Where is my solution to 2018 AIME I Problem 1 wrong?
a can be any integer belonging to [1,100], so I count the no.of unordered pairs of positive integers whose sum is less than or equal to 100.
i.e., the no.of unordered pairs (0,1),(0,2)...(0,100)(1,1),(1,2)..(50,50) which is equal to {(101•102)/2} -1 [-1 for excluding (0,0)] which is equal to 5150 which far exceeds 2600 which is the total number.
Where is my approach wrong?
Thank you.
Note that if we have 0 in the x coordinate then, we will have 101 terms that are possible in the y coordinate (let 0,0 work for now.) Then, for 1 in the x coordinate, have 99 terms that will work for the y coordinate (1-99).
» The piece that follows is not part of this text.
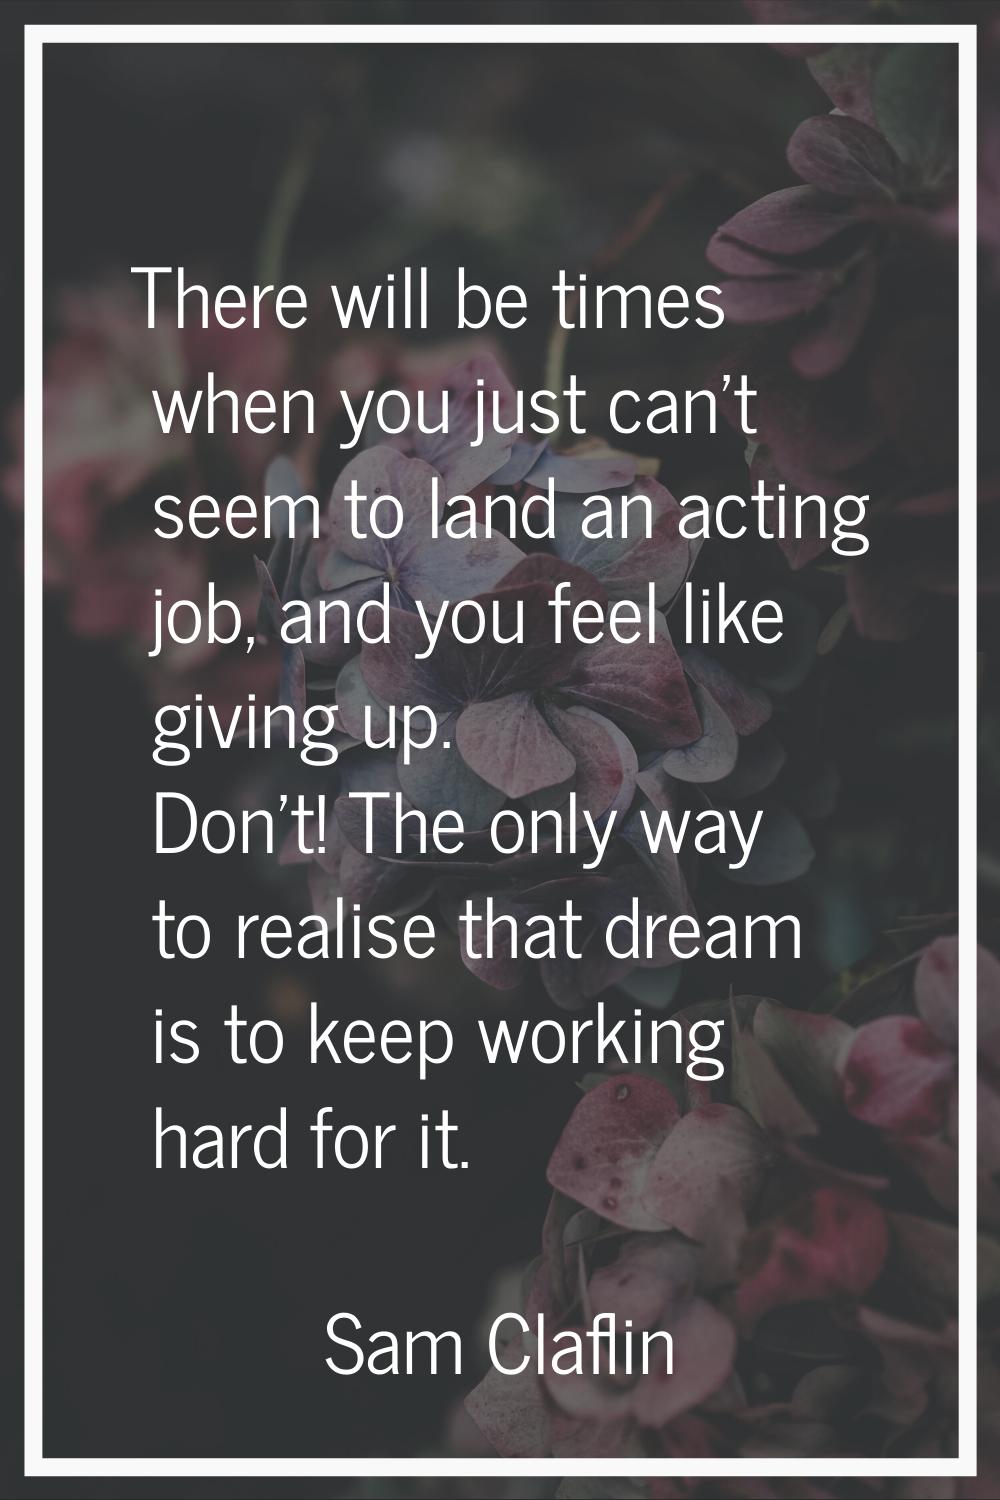 There will be times when you just can't seem to land an acting job, and you feel like giving up. Do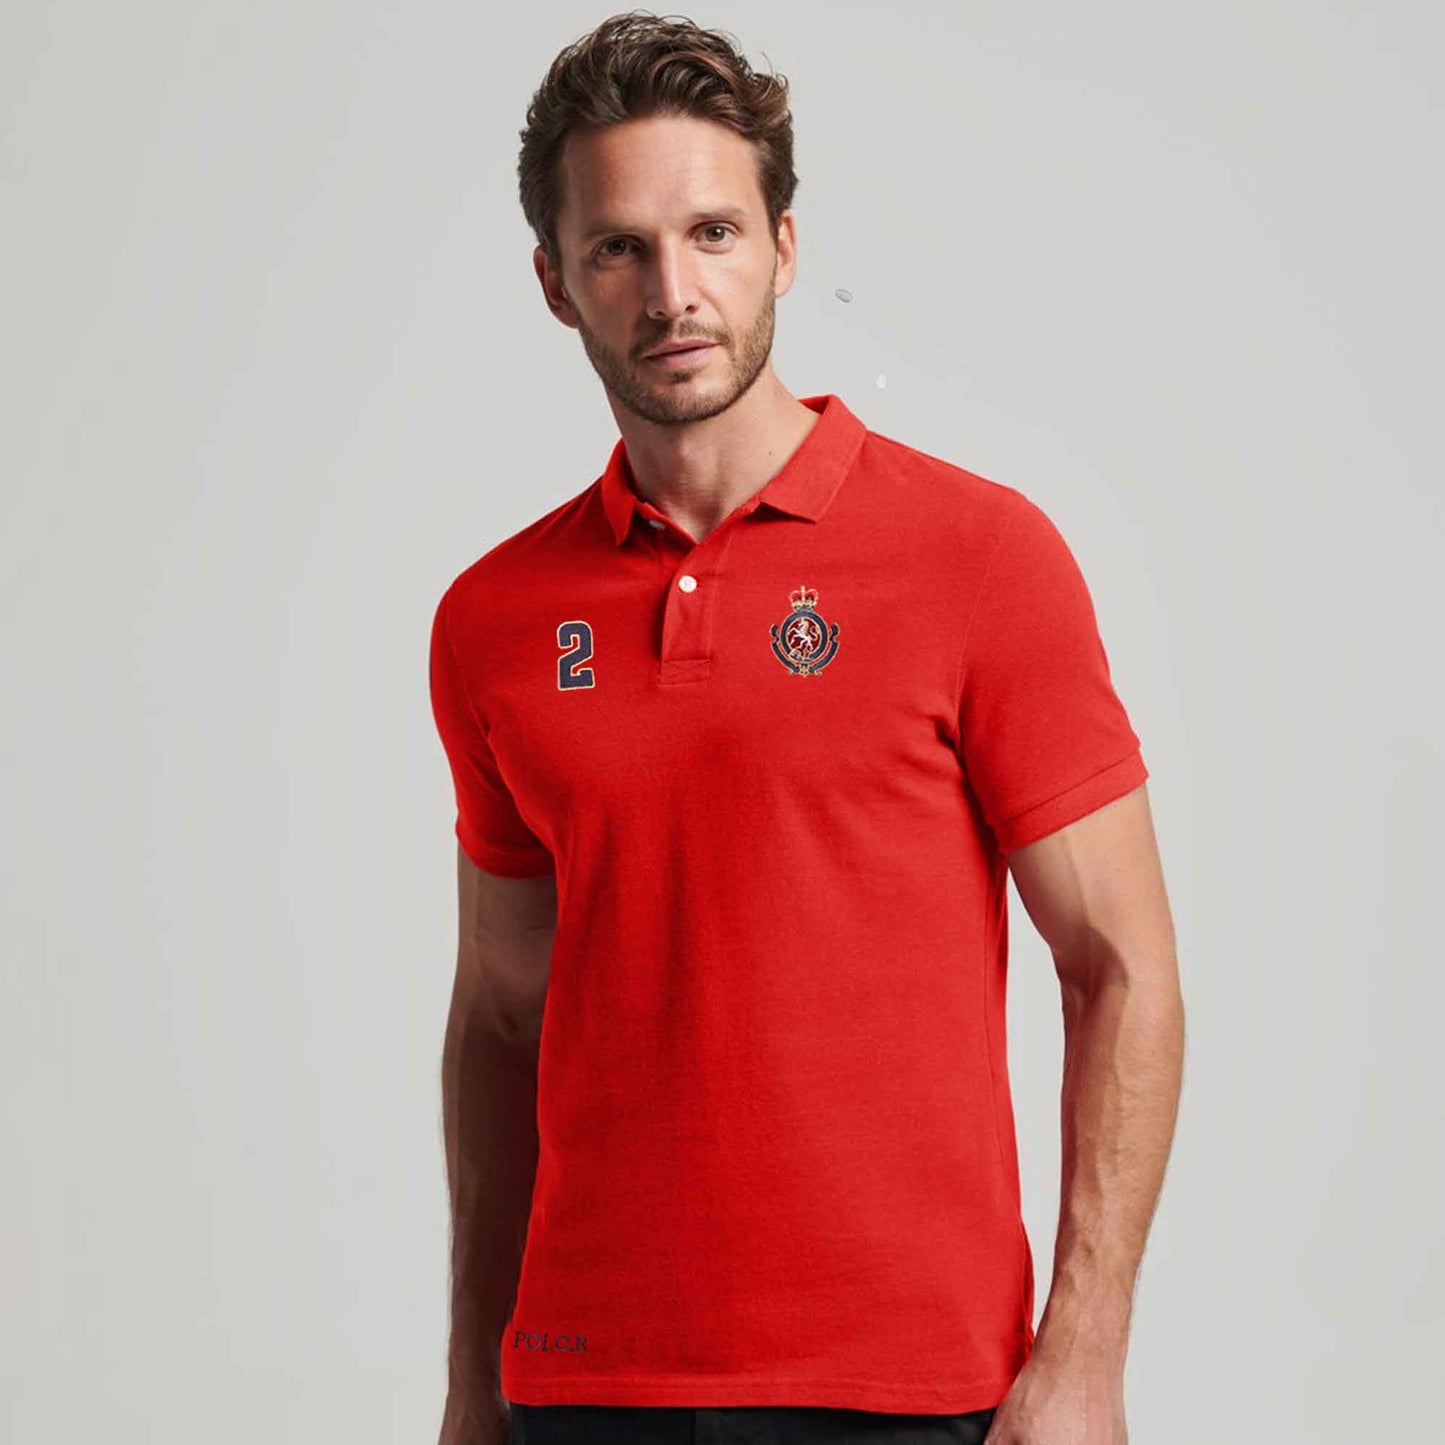 Polo Republica Men's Pony Crest & 2 Embroidered Short Sleeve Polo Shirt Men's Polo Shirt Polo Republica Red S

Repeat this process and add all the y coordinates possible to get the sum $101+99+...+1$ There are 51 terms in this sequence. Add 1 to every term to get $102+100+...+2$ This sum is equal to $104*51/2$ This is equal to $52*51$. We have to subtract 51 from this expression to get $51^2$ and then subtract 1 from $51^2$ because we cannot have the case (0,0). This means we have $51^2-1$ Which is 2600. Therefore, the answer is 600.